Formula 1: Cracks appearing between Honda and McLaren
- Published
Fernando Alonso scored his first point for McLaren-Honda at the British Grand Prix. That one sentence sums up just what a dire situation that team are in at the moment.
It has taken nine races for a man many regard as the best driver in the world, in a team that has the target of winning championships, powered by an engine produced by one of the world's leading car companies, to score a single point.
It became obvious at Silverstone that cracks are appearing in the relationship between McLaren and Honda - just seven months into a 10-year contract.
When the partnership was announced, McLaren chairman Ron Dennis talked of repeating the domination of the last McLaren-Honda era in the late 1980s and early 1990s.
But this Honda is not the same as that Honda.
On and off track there is more competition now. Back in 1988, when McLaren-Honda won 15 of the 16 races, only Ferrari had a turbo engine, but it wasn't as good as Honda's and Ferrari's drivers were not as good as Ayrton Senna and Alain Prost.
In the road car marketplace, Honda has been overtaken by Nissan and is now the third-biggest Japanese manufacturer, not the second.
Back then, Honda used their racing programme to filter through engineers so they gained experience. It was very much an engineering-led company. Now, its ethos seems to have shifted.
If you look across motorsport, Honda is struggling everywhere except the British Touring Car Championship., external Honda does not seem to be the same company with the same racing spirit it had in the past.
Honda only started developing this F1 engine just over two years ago. Mercedes worked on its turbo hybrid F1 engine for four years before the rules changed in 2014. That lack of preparation by Honda is showing.
It is quite clear to everyone in F1 that the Honda engine is responsible for the vast majority of McLaren's performance shortfall to Mercedes.
I suspect Honda realise that, too - if they do not, they're blind - but there is not a lot of evidence so far that they know how to fix it.
Communication breakdown
I was McLaren-Honda's test driver back in the early 1990s when Senna and Berger were race drivers, and I learned a lot back then about the sort of difficulties European and Japanese companies can have when they work together. In Japan, I did all of the development of the Honda V12 engine that raced in F1 in 1992.
When the Japanese say, "yes, we understand", it doesn't necessarily mean what we would take it to mean. It means they understand the words coming out of your mouth. But it doesn't necessarily mean they agree, or that they know what to do about it.
I'll give you an example. Back in 1991, McLaren were developing two gearboxes as a response to Ferrari, who had introduced the first semi-automatic gearbox in 1989.
There was a McLaren semi-automatic one, and a fully automatic box that Honda were working on.
The idea behind the Honda one was that you left the pits and it did everything for you thereafter. Except it didn't work.
We did a three-day test at Suzuka and I think I went past the pits once because it was jumping up and down doing whatever it wanted.
After the test, Honda said: "Can we take this to Budapest and race it?" I said: "Well, you can take it to Budapest, but you ain't gonna be racing it."
It was intended as a sort of dismissive, throwaway, 'you cannot be serious' kind of remark. But they took it at face value - yes, you can take it to a race.
That caused lots of problems internally. But the gearbox never saw the light of day.

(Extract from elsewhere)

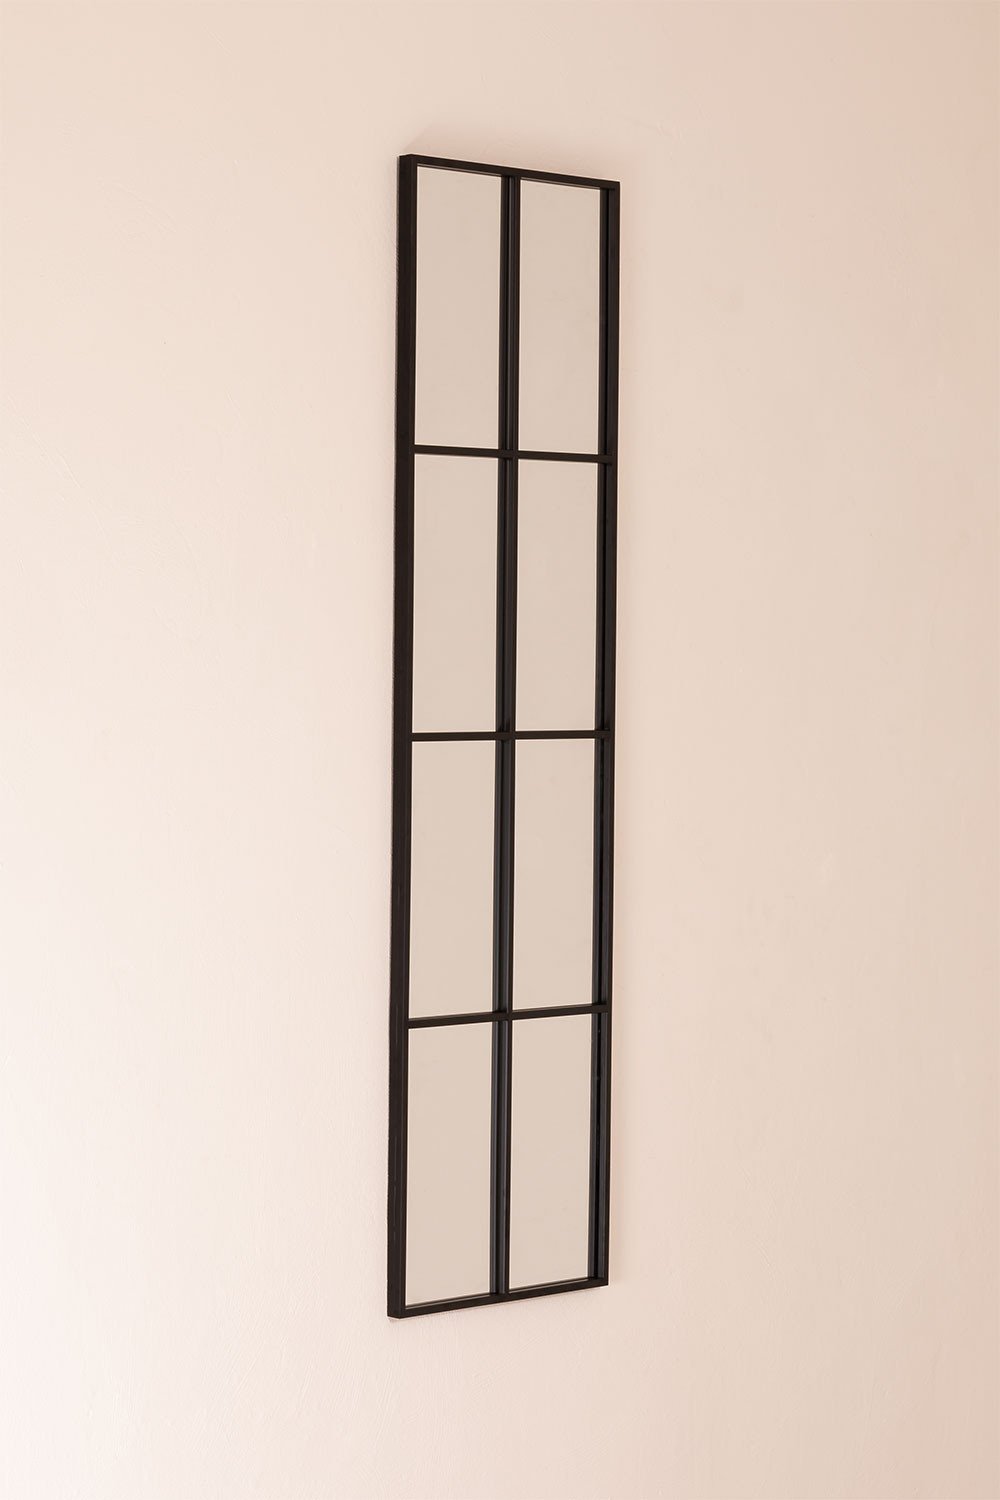 Metalen wandspiegel met raameffect (132x38 cm) Rania, galerij beeld 2

In that context, it's very interesting to see that Indy Lall, who was the test team manager closely working with Honda back in their first period with McLaren, is back on the scene after many years out of F1, as an old hand with an understanding of the problems.
McLaren were 2.9 seconds off pole at Silverstone. At least two seconds of that - and probably even more - is the engine.
In F1, that is a lifetime. It is going to be a long, hard road ahead.
Not only does Honda have to make a huge step forward - probably a whole new engine, looking at where this one is - but at the same time the competition is marching on. And it is hard to see how they can ever catch up.
Allan McNish was talking to BBC Sport's Andrew Benson.